Julio Miguel de Vido (born December 26, 1949) is an Argentine politician who was Minister of Planning and Public Investment between 2003 and 2015.

Biography
De Vido was born in the City of Buenos Aires in 1949. Enrolling at the University of Buenos Aires School of Architecture and Urbanism, he graduated in 1974. He returned to the remote Province of Santa Cruz, and was named Works Director within the province's Housing and Urban Development Institute in 1988 by Justicialist Governor Héctor Marcelino García. He was promoted to the post of Provincial Highway Bureau Director in 1990.
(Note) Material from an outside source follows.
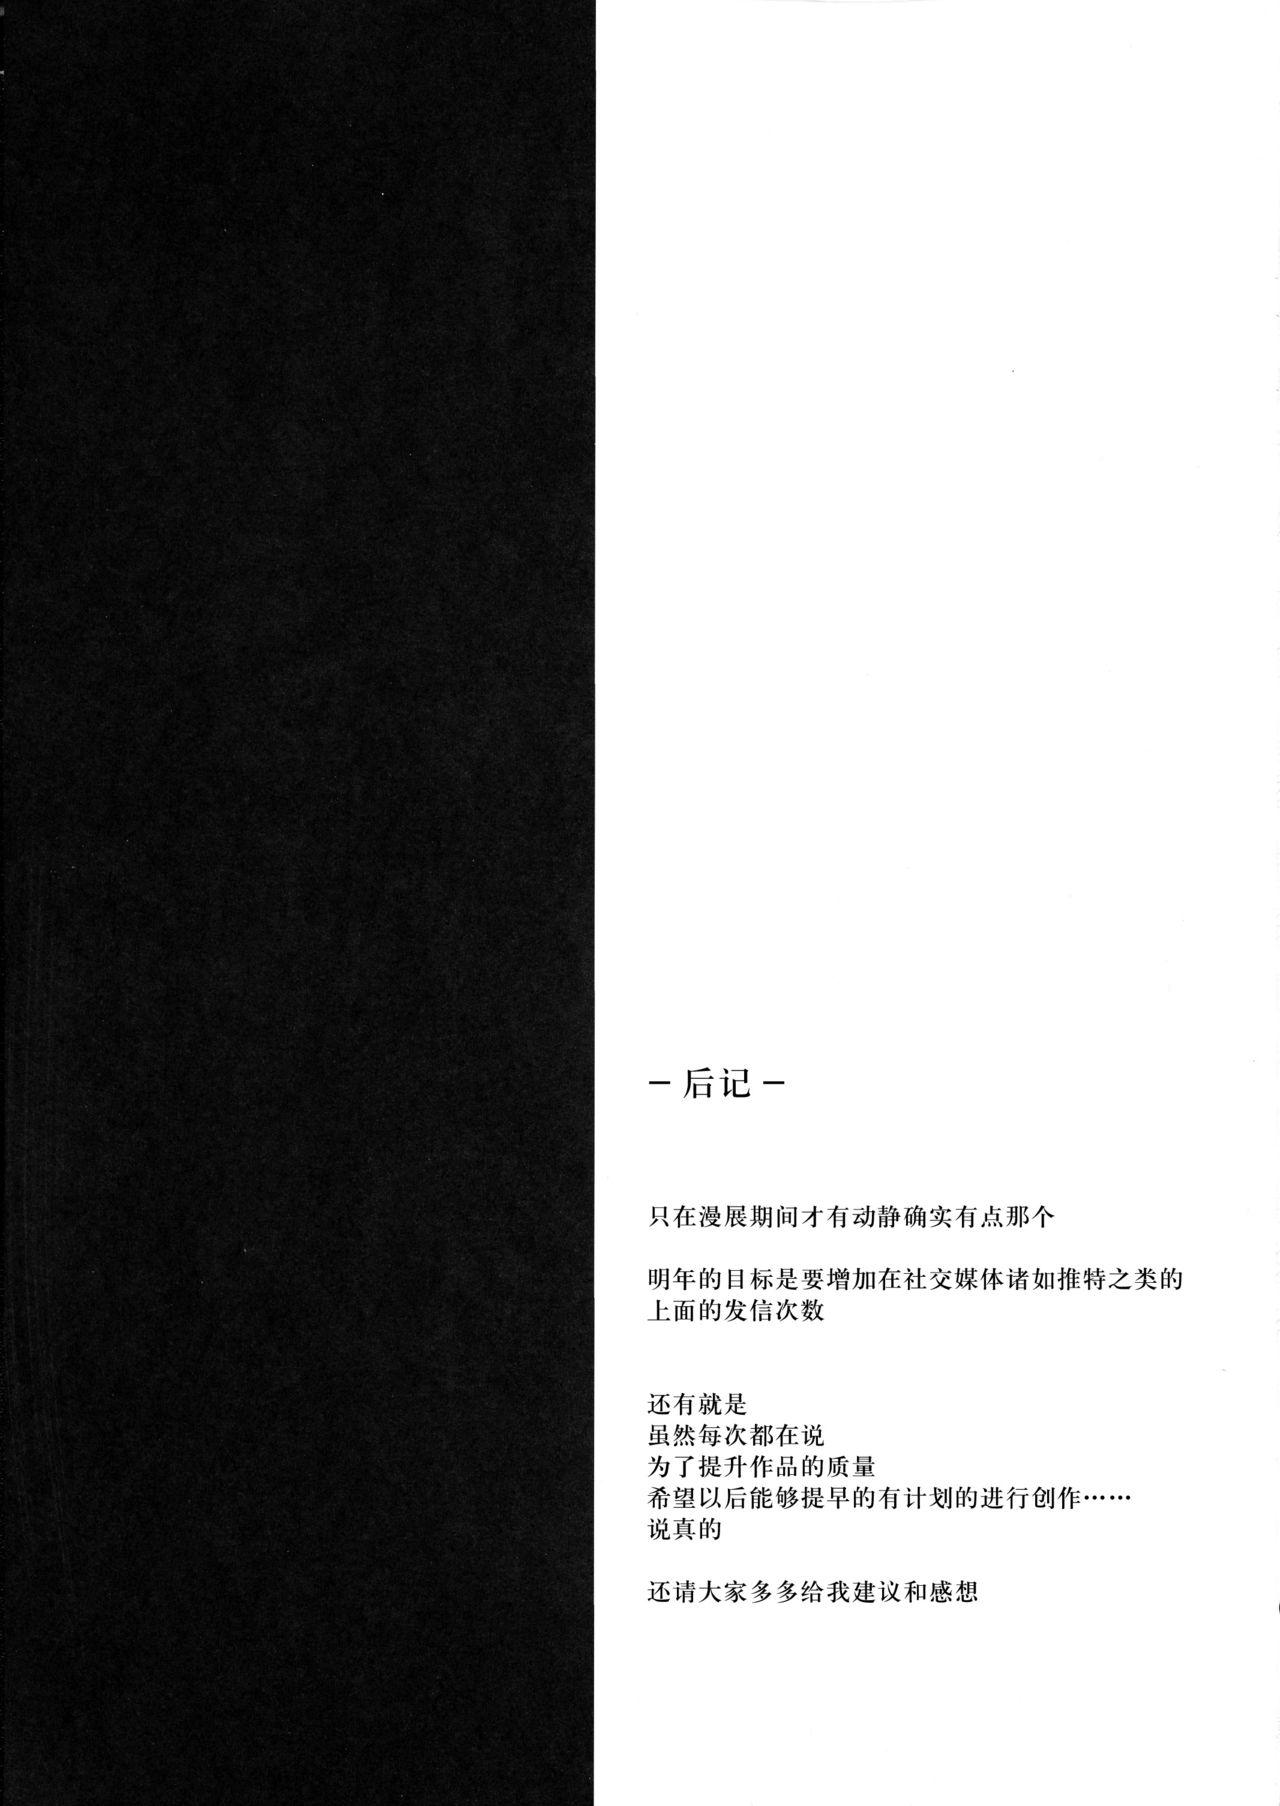 (FateGrandOrder) Bản dịch Trung Quốc (18 trang)-第1章-图片173

The 1991 election of Río Gallegos Mayor Néstor Kirchner as Governor led to de Vido's appointment as Santa Cruz's Economy Minister, in which capacity he oversaw the investment of a US$535 million payout Kirchner negotiated for his oil-rich province when the State oil concern, YPF, was privatized in 1993. Julio de Vido was elected to the Argentine Lower House of Congress in the 1997 midterm elections. He returned to Santa Cruz Province halfway through his term, however, and was named Minister of Government by Governor Kirchner, securing de Vido's role as Kirchner's chief adviser.

Helping coordinate Kirchner's presidential campaign in the 2003 general election, de Vido was named to his later post as Minister of Planning when Kirchner became President of Argentina on May 25, 2003; the post was reinstated to cabinet-level status following a 12-year hiatus. Overseeing the nation's public works, de Vido has presided over a dramatic increase in public investment, though he has reaped criticism for his apparent reliance on patronage and for doting a disproportionate share of these record investments into Santa Cruz Province, home to 0.6% of the Argentine population. His wife, Alessandra Minnicelli, served as Director of SIGEN (the chief auditing office of the Argentine government) from 2003 to 2007, and the couple has been the focus of a number of investigations regarding their increasing net worth. Authorizing mostly gradual public sector rate increases during most of his tenure.

Minister de Vido was instrumental in shaping President Cristina Kirchner's record US$32 billion public works plan for 2009-2010. He later confirmed that the plan's headline project, the construction of the Buenos Aires-Rosario-Córdoba high-speed railway (the first of its kind in the Western Hemisphere), would be postponed in favor of developing greater nuclear power capacity to satisfy growing electricity demand. He, along with Labor Minister Carlos Tomada, became the longest-serving cabinet member in the Kirchnerist era that began in 2003.

De Vido was appointed on April 16, 2012, to head the Federal intervention of YPF, the leading fossil fuel producer and distributor in Argentina. The company, which had been privatized in 1993 and acquired by Repsol of Spain in 1999, was partly renationalized amid ongoing production declines.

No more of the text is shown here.